Честно говоря, единственное, чем международные организации всерьез занимаются, — это переводы. Больше того, можно сказать, что в этих организациях наблюдается просто-таки переводческая лихорадка, это что-то болезненное, что-то нездоровое, поскольку каждое произнесенное на сессиях или ассамблеях слово, каждая входящая и исходящая бумажка, о чем бы в ней ни шла речь, кому бы она ни была адресована и под каким бы грифом (будь то даже гриф «секретно») она ни шла, на всякий случай немедленно переводится на несколько языков. Переводчики трудятся не покладая рук, но при этом чаще всего никто толком не понимает, для чего это все переводится — большей частью для архивов если это письменный перевод, или для двух-трех человек, которые едва понимают иностранный язык, если речь идет о переводе устном. Любая глупость, высказанная или написанная любым идиотом в адрес любой из этих организаций, тут же переводится на шесть официальных языков: английский, французский, испанский, русский, китайский и арабский. Все фиксируется на французском языке, все фиксируется на арабском языке, все фиксируется на китайском языке и все фиксируется на русском языке, — любая чушь, которая только может взбрести в голову любому идиоту. Неважно, что потом эти глупости и рассматривать никто не будет, — они обязательно будут переведены. Несколько раз мне пришлось переводить счета, хотя единственное, что с ними следовало сделать, — это оплатить их. Я уверен, что эти счета (по меньшей мере, на шести языках: на французском и китайском, на испанском и арабском, на английском и русском) до сих пор пылятся где-нибудь в архивах.
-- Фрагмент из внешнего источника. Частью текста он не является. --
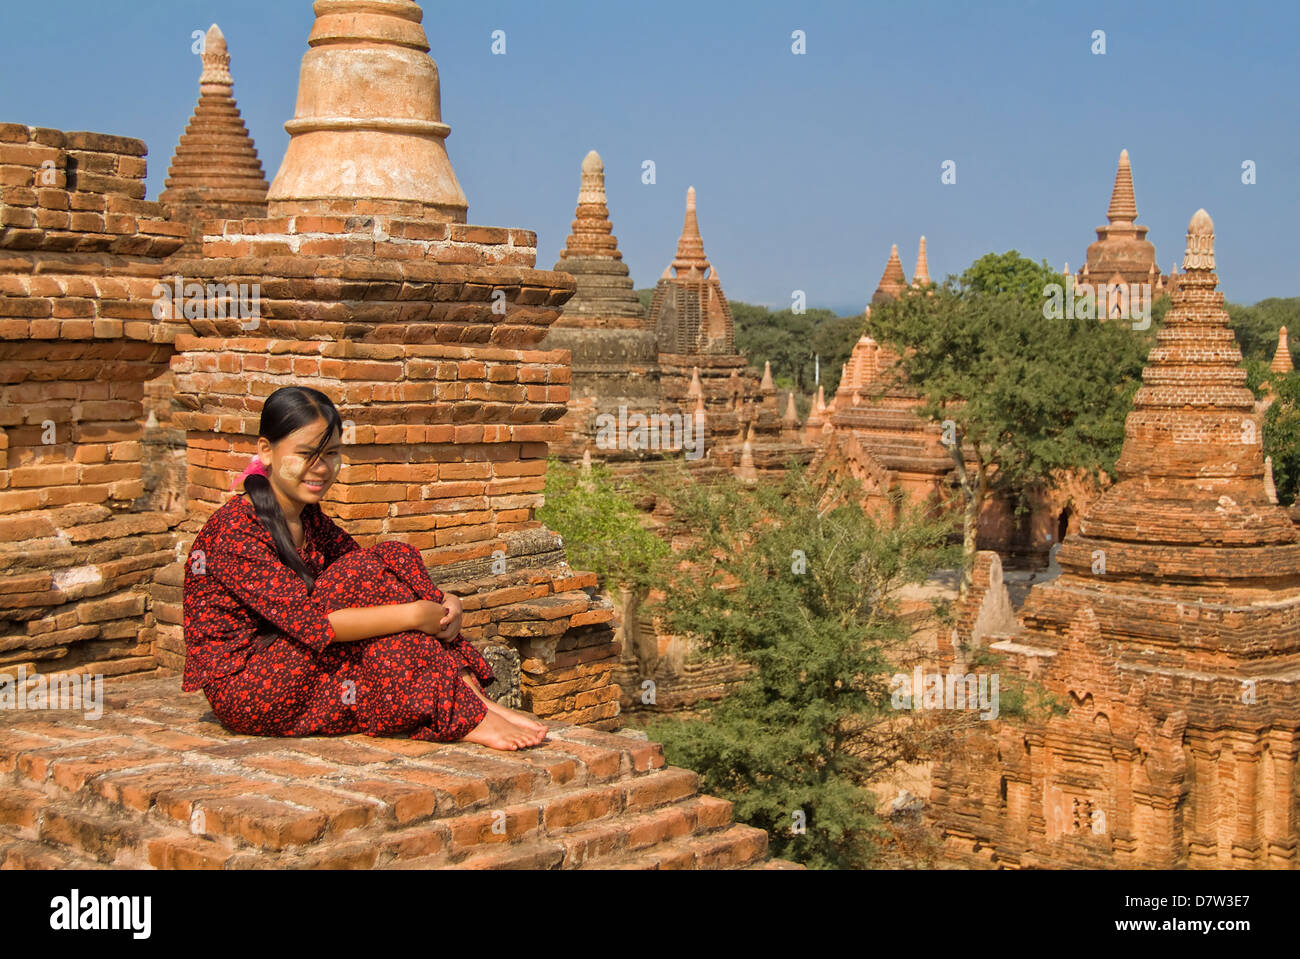 Jeune femme birmane dans une robe rouge assis sur le toit d'un temple, Bagan (Pagan), la Birmanie Banque D'Images

Однажды меня срочно вызвали в кабинку переводить речь (не написанную заранее) руководителя одного государства, который, как я сам читал двумя днями раньше (этому событию была посвящена целая газетная полоса), погиб в своей стране в результате государственного переворота, целью которого было свержение этого лидера.
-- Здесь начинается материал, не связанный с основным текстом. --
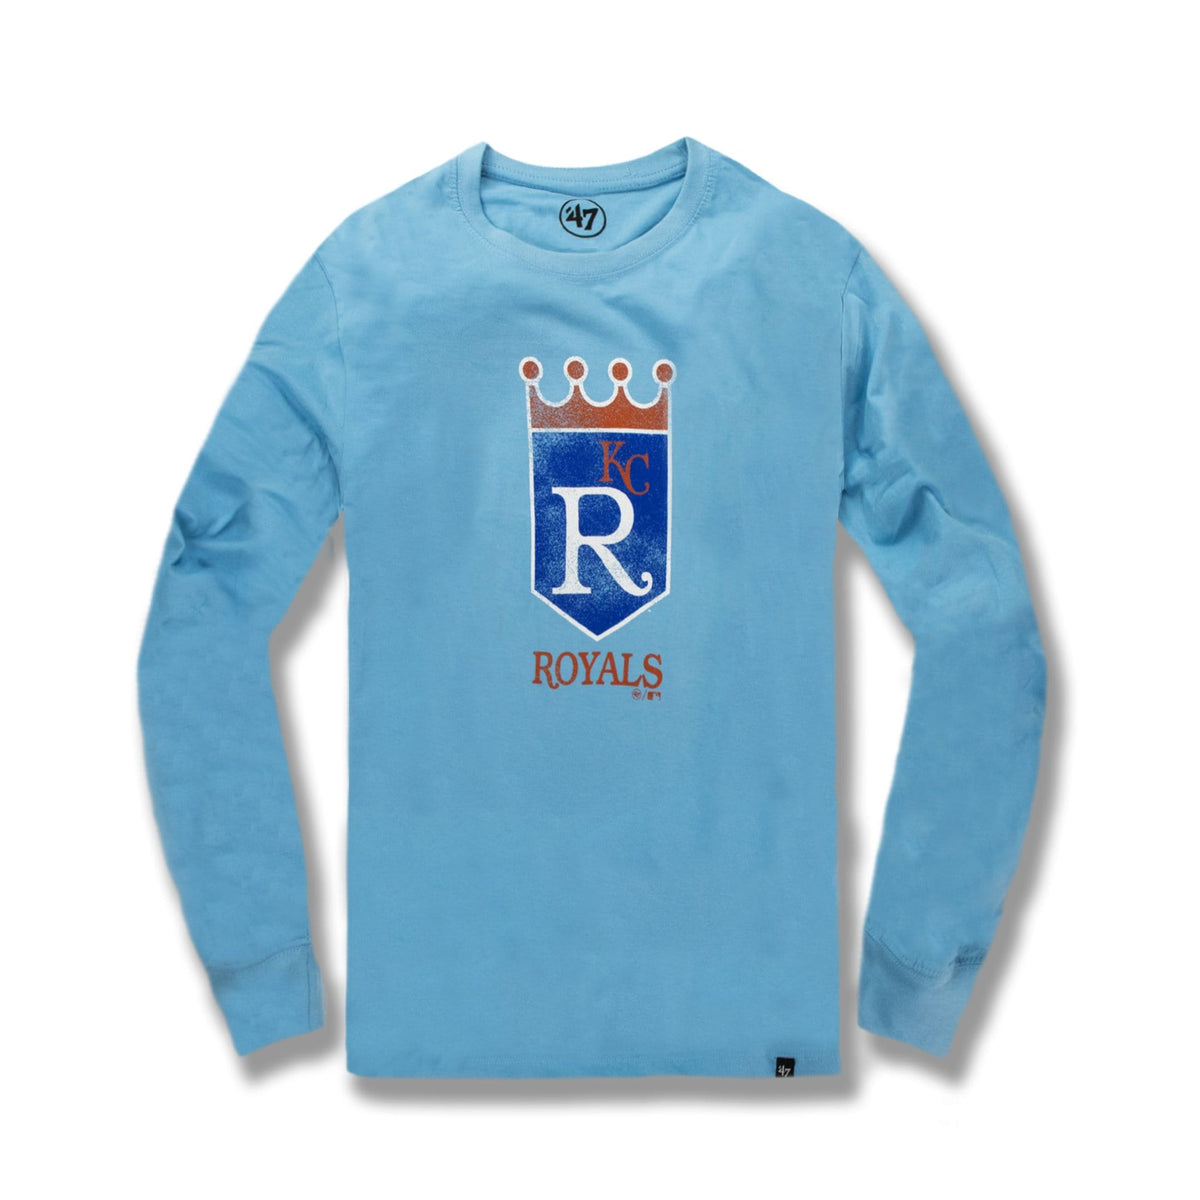 royals kc shirt

Самые большие страсти кипят на международных встречах не тогда, когда делегаты и представители ожесточенно спорят так, что кажется, еще немного — и дело дойдет до объявления войны, а тогда, когда вдруг по какой-либо причине не могут найти переводчика, чтобы перевести что-либо, или если переводчику посреди доклада приходится покинуть свое место по причинам физиологического порядка или потому, что он не выдерживает нагрузки (а это случается достаточно часто). Для нашей работы нужны железные нервы, и не только потому, что подчас требуется немалое напряжение, чтобы уловить смысл того, что говорится, и тут же передать его на другом языке (задача достаточно трудная). Гораздо труднее выдержать ту бурю гнева, которую обрушивают на наши головы все эти руководители государств и эксперты, если вдруг заметят, что хоть слово из сказанного ими осталось непереведенным на какой-либо из шести официальных языков. В этих случаях они страшно нервничают и просто выходят из себя. Они следят за нами постоянно. Следят и наши начальники, как непосредственные, так и не имеющие к нам прямого отношения, проверяя, находимся ли мы на своих местах, всё ли тщательно переводим на языки, которых почти никто не знает, не пропускаем ли хоть слово. Единственное истинное страстное желание делегатов и представителей — это быть переведенными. Это для них гораздо важнее, чем услышать аплодисменты после выступления или узнать, что их доклады были одобрены или что их предложения были учтены или приняты (кстати, это — аплодисменты, учтенные или принятые предложения — случается крайне редко).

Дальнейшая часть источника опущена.